Introduction

This article addresses Irish merger control under the Competition Act 2002 (as amended) (Act) and its possible application in the context of property transactions.

What is Irish merger control?

Irish merger control is a mechanism under the Act to allow the Competition and Consumer Protection Commission (CCPC) to determine whether certain qualifying transactions that meet certain financial thresholds would "substantially lessen competition" in any market in Ireland. The vast majority of mergers notified to the CCPC under the Act are cleared (and almost all without any conditions).

What types of transaction are caught by the Irish merger control rules?

There are 3 types of "qualifying mergers" under Section 16(1) of the 2002 Act as follows:

Mergers where two (or more) undertakings merge;

Acquisitions where one (or more undertakings) acquire control of one (or more) undertakings (or parts of one (or more)undertakings – these are usually share purchase acquisitions (and can include certain joint ventures); and

Asset acquisitions (i.e. the acquisition of part of an undertaking (although not involving the acquisition of a corporate legal entity) which involves the acquisition of assets that constitute a business to which a turnover can be attributed.

What are the financial thresholds for a compulsory notification to the CCPC?

Where required, notification to and approval from the CCPC must be made and obtained prior to the Transaction being put into effect. The thresholds for a mandatory notification to the CCPC are, in the most recent respective financial years:

(a) the aggregate turnover in Ireland of the undertakings involved is not less than €50 million; and

(b) the turnover in Ireland of each of 2 or more of the undertakings involved is not less than €3 million.

Property transactions under Irish merger control

In the Blackstone/Atrium transaction, the CCPC concluded that the acquisition of certain buildings constituted a notifiable transaction. While the determination has not been published and so the jurisdictional basis for regarding the transaction as notifiable is not certain, one possibility is that the CCPC regards the acquisition of certain types of property as an "asset acquisition".

Up to this point, property transactions have tended not to be regarded as notifiable unless there was an acquisition of a company holding property (and then there would be an acquisition of an "undertaking" for the purposes of the Act.

As the financial thresholds under the Act appear to have been met in the context of the Blackstone/Atrium Transaction then it required to be notified to the CCPC for approval prior to completion.

May the EU (and other) merger control rules also apply to property transactions?

If the acquisition of buildings (as opposed to the acquisition of an undertaking which holds property interests) is regarded by the European Commission (Commission) as a "qualifying asset acquisition" (and the rules are very similar to the equivalent Irish merger control rules) then such transactions may be caught by EU merger control. However, given the size of the EU merger control thresholds then this is unlikely in practice (unless, for example, acquisition of joint control by 2 large undertakings of property took place and then the thresholds may be more likely to be met).. If so, a notification would need to be made to the Commission under the EU merger control rules rather than a notification to the CCPC under the Act.

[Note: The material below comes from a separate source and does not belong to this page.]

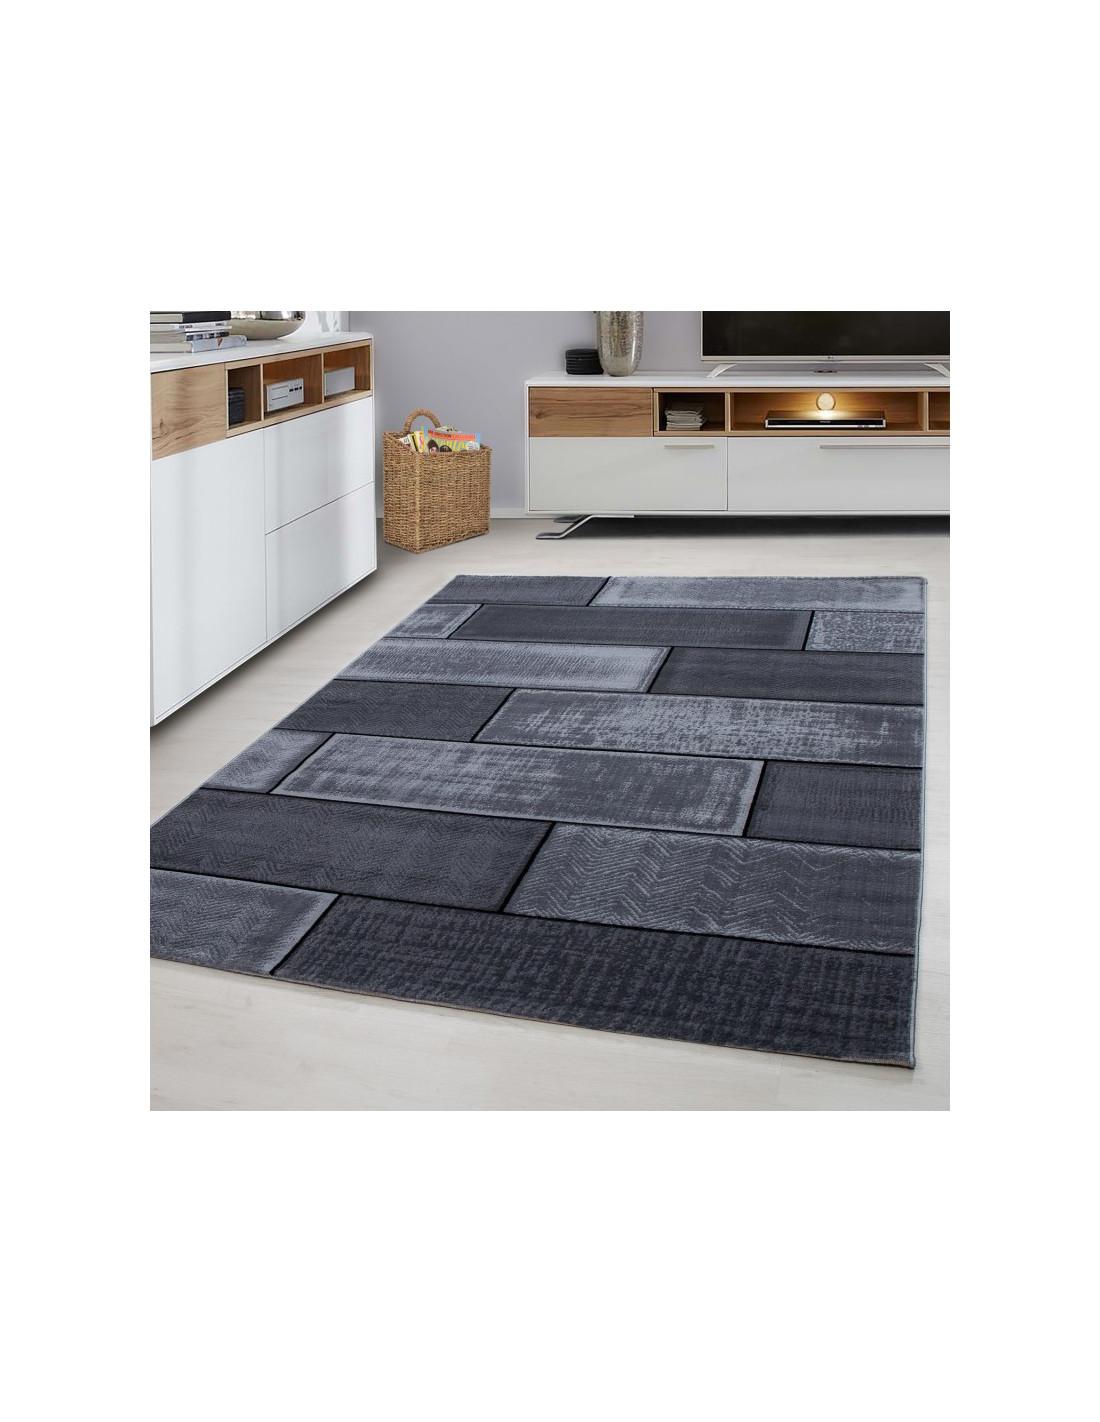 Designer soggiorno camera dei giovani tappeto parete motivo a scacchi Plus 8007 nero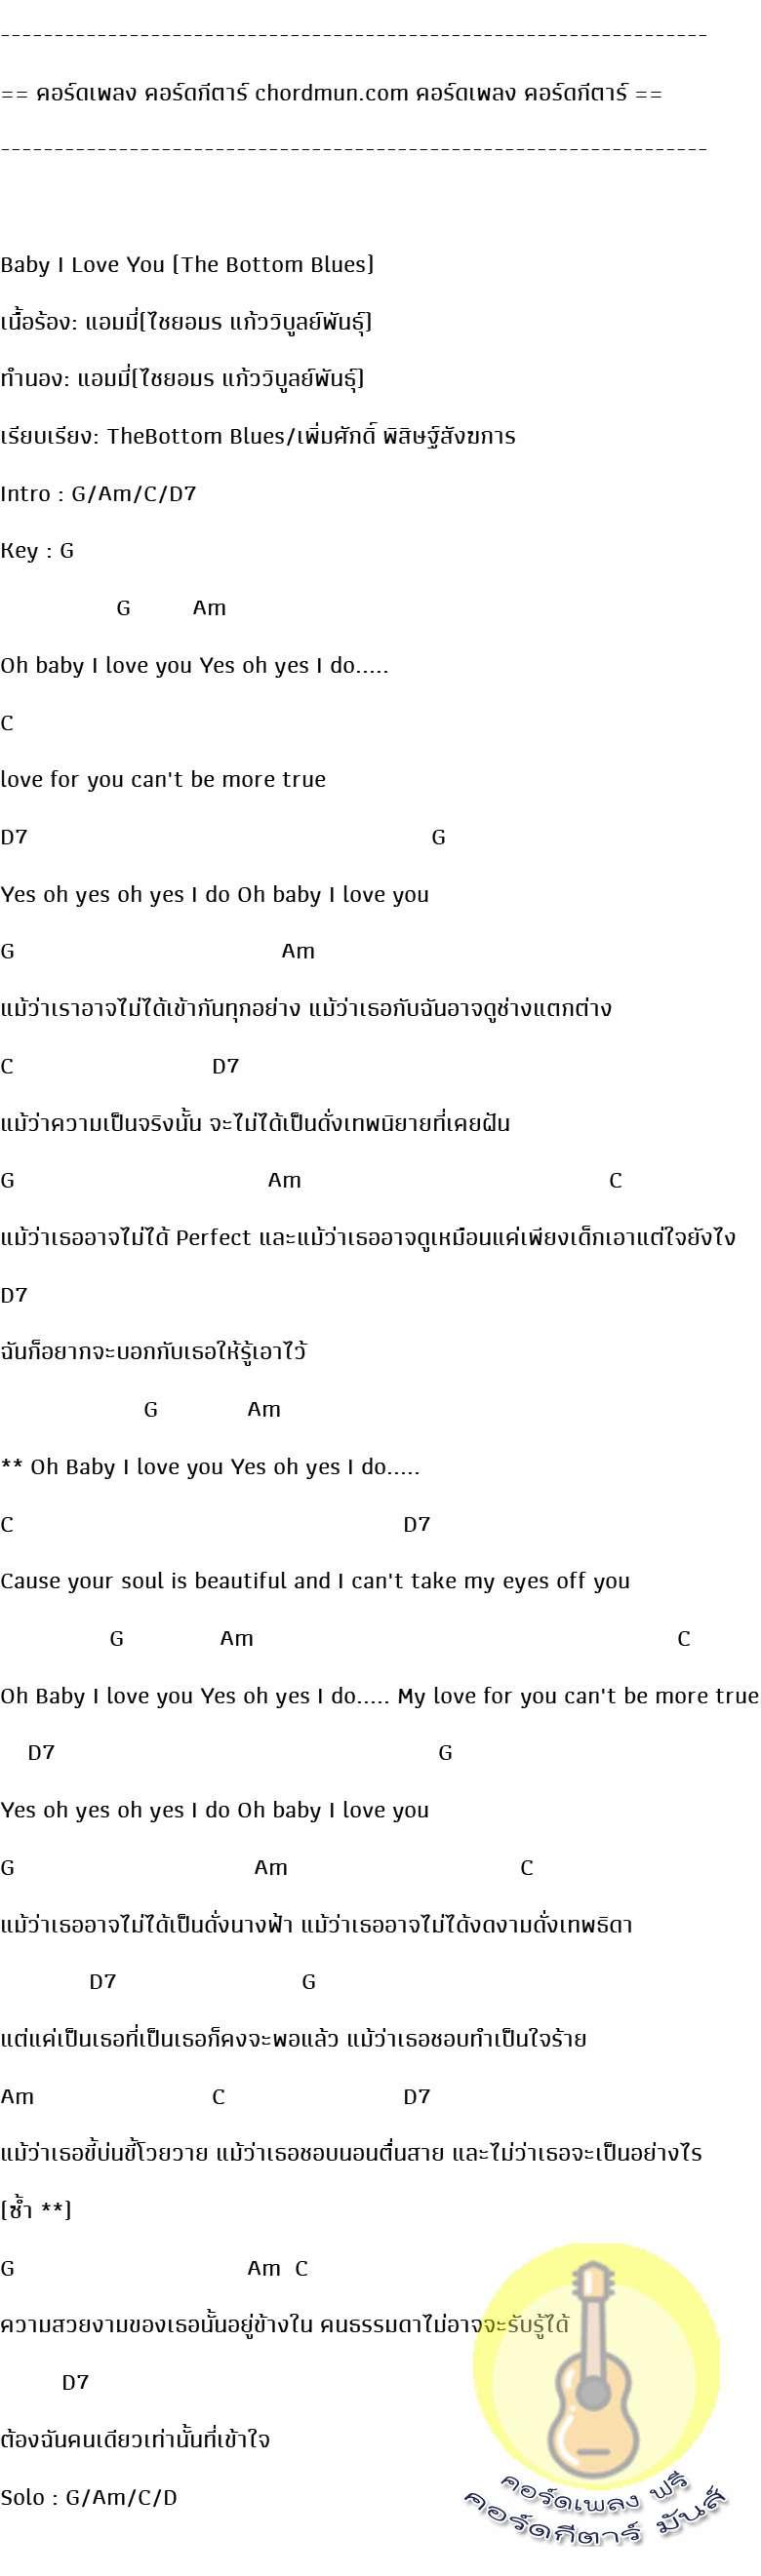 คอร์ดกีต้าร์มือใหม่  เพลง Baby I Love You

How long does it take to get a determination from the CCPC?

There are potentially two phases of assessment of a notified transaction by the CCPC.

In Phase 1, the CCPC has up to 30 working days from notification in Phase 1 (extended if the CCPC formally requests information in writing and/or up to 45 working days if the undertakings involved discuss commitments with the CCPC to obtain a Phase 1 clearance if there are any competition issues).

Phases 1 and 2 can take up to120 working days in total. Phase 2 is suspended until the undertakings involved have responded to a CCPC request for further information provided the request is made not later than 30 working days from the date of going to Phase 2. Phase 2 assessments are rare in practice.

When must a notification be made to the CCPC and what are the consequences of failing to notify/premature closing?

A merger notification must be made to the CCPC by each undertaking involved before the merger is put into effect. If it is a property asset acquisition only then only the purchaser must notify the CCPC.

Even if there is no finalised agreement, a notification can be made to the CCPC where there is evidence of a good faith intention to acquire.

Failure to make such a notification (or on time) is an offence by the undertaking involved and by those in control of the undertakings involved responsible for the breach who knowingly and wilfully authorise or permit the breach (they are subject to a fine of up to €250,000 (plus daily default fines)). A merger is void if it is put into effect prior to/without CCPC clearance.

Is there a filing fee when notifying the CCPC?

Yes, there is a filing fee of €8,000.

What substantive test is applied by the CCPC in assessing a notified merger under Irish merger control?

The CCPC must determine whether the notified transaction would substantially lessen competition in any market in Ireland.

What decisions does the CCPC make regarding a notified merger under Irish merger control?

On receipt, the CCPC posts the fact of the notification on its website and normally gives third parties 10 days to comment.  In Phase 1, the CCPC must decide to clear the merger or refer it to Phase 2. In Phase 2, the CCPC must clear, clear with conditions or prohibit the merger.

What are the implications of this development?

Parties should review carefully whether the acquisition of property may require prior merger control approval of the CCPC under the Act.